I don't understand problem 1 & 4 (I mean - not at all). I suppose, that in 2. (a) is true & (b) is false, but I'm not sure about that. In 3. I don't know, how to think about $\mathbb{Q}^{\mathbb{N}}$ and $\{ 0,1 \}^*$. I think, that in 5. there is a question about equality relation, but - again - I'm not sure. –  lonyt Jan 12 '11 at 20:53
5  
This question appears to be off-topic because it consists of multiple, unrelated questions. –  Lord_Farin Nov 28 '13 at 10:05

3 Answers 3

Problem 1. Here's an example: take $A=\mathbb{N}$, $B=\{0,1,2,3\}$, and let $f\colon A\to B$ map the natural numbers to their remainder when divided by $4$ (so $f(3) = 3$, $f(15) = 3$, $f(21) = 1$, etc). Let $R$ be the equivalence relation on $B$ given by $aRb$ if and only if $a^2\equiv b^2 \pmod{4}$.

The relation $S$ is defined as follows: first map to $B$, then check $R$ for the images. If the images are related, then the original elements are related; if the images are not related, then the originals are not related. For example, to see whether $3R10$ holds, we take $f(3)=3$ and $f(10)=2$, and check whether $3R2$ holds or not; since $3^2 \not\equiv 2^2\pmod{4}$, then $3\not R2$; that is, $f(3)\not Rf(2)$, so $3\not S 2$. On the other hand, $7S9$ holds: because $f(7) = 3$, $f(9) = 1$, and $f(7)^2 = 9 \equiv 1 = f(9)^2\pmod{4}$, so $f(7)Rf(9)$ is true.

That's the idea.

Now, for a general case. First convince yourself that $S$ is in fact an equivalence relation on $A$.

Once you do that, in order to check (a), you want to see if $f([a]_S)\subseteq [f(a)]_R$. Well, take an element in $f([a]_S)$; this is a $b\in B$ such that $b=f(x)$ for some $x\in[a]_S$. that is, $xSa$ is true, and $f(x)=b$. So you want to see whether $b\in[f(a)]_R$; that is, whether $bRf(a)$. So, from assuming $xSa$ holds, you want to see whether you can always conclude that $f(x)Sf(a)$.

For (b), you proceed similarly; now take $b\in [f(a)]_R$, and you want to see whether $b\in f([a]_S)$. That is, assume that $bRf(a)$; must there exist an $x\in A$ such that $xSa$ and $f(x)=b$? If so, prove it; if not, give a specific counterexample with specific $A$, $B$, $f$, $R$, and $S$, and an exlicit $a$ and $b$.

Problem 2. (a) If your sets are finite, the your guesses are right; if your sets are not necessarily finite, you're in trouble. Consider $A=B=\mathbb{N}$ and $f(n) = 2n$.

For (b); you know there is a $1-1$ function from $A$ to $B$; see if you can construct a $1-1$ function from $A\times C$ to $B\times C$ (and see if you can spot why you need $C\neq\emptyset$). This will show that $|A|\leq|B|$ implies $|A\times C|\leq|B\times C|$. If you also know that there is no surjection between $A$ and $B$, then again you are going to have two different cases, depending on whether $C$ is "really big" (compared to $A$ and $B$) or not.

Problem 3. The set $A^B$ is the set of all functions from $B$ to $A$. So $\mathbb{Q}^{\mathbb{N}}$ is the set of all functions from $\mathbb{N}$ to $\mathbb{Q}$; this is the set of all rational sequences (sequences, each term a rational number).
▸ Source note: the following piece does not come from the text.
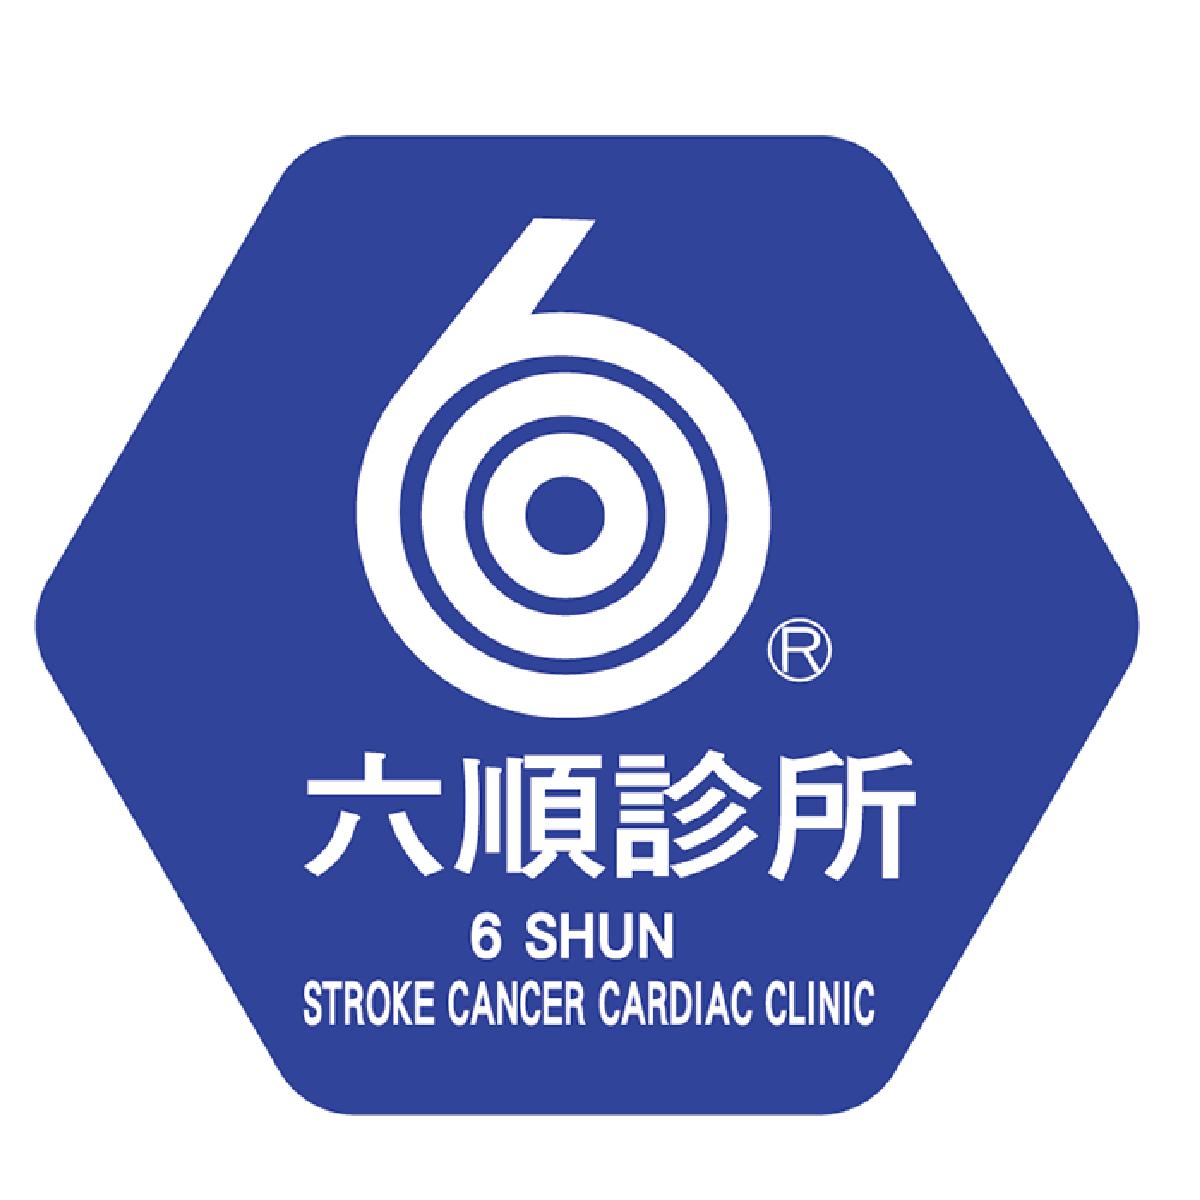 【六順診所】6 SHUN  STROKE CANCER CARDIAC CLINIC

The set $\{0,1\}^{\mathbb{N}}$ is the set of all binary sequences (sequences, each term either $0$ or $1$). Hint. Think about binary expansion of real numbers between $0$ and $1$, or even better, the ternary expansion of the elements of the Cantor set to deal with $\{0,1\}^{\mathbb{N}}$. For $\{0,1\}^*$, can you count how many sequences of length $n$ there are, for each $n$? Add them all up then. For $\mathbb{Q}^{\mathbb{N}}$, can you exhibit at least as many sequences as there are real numbers?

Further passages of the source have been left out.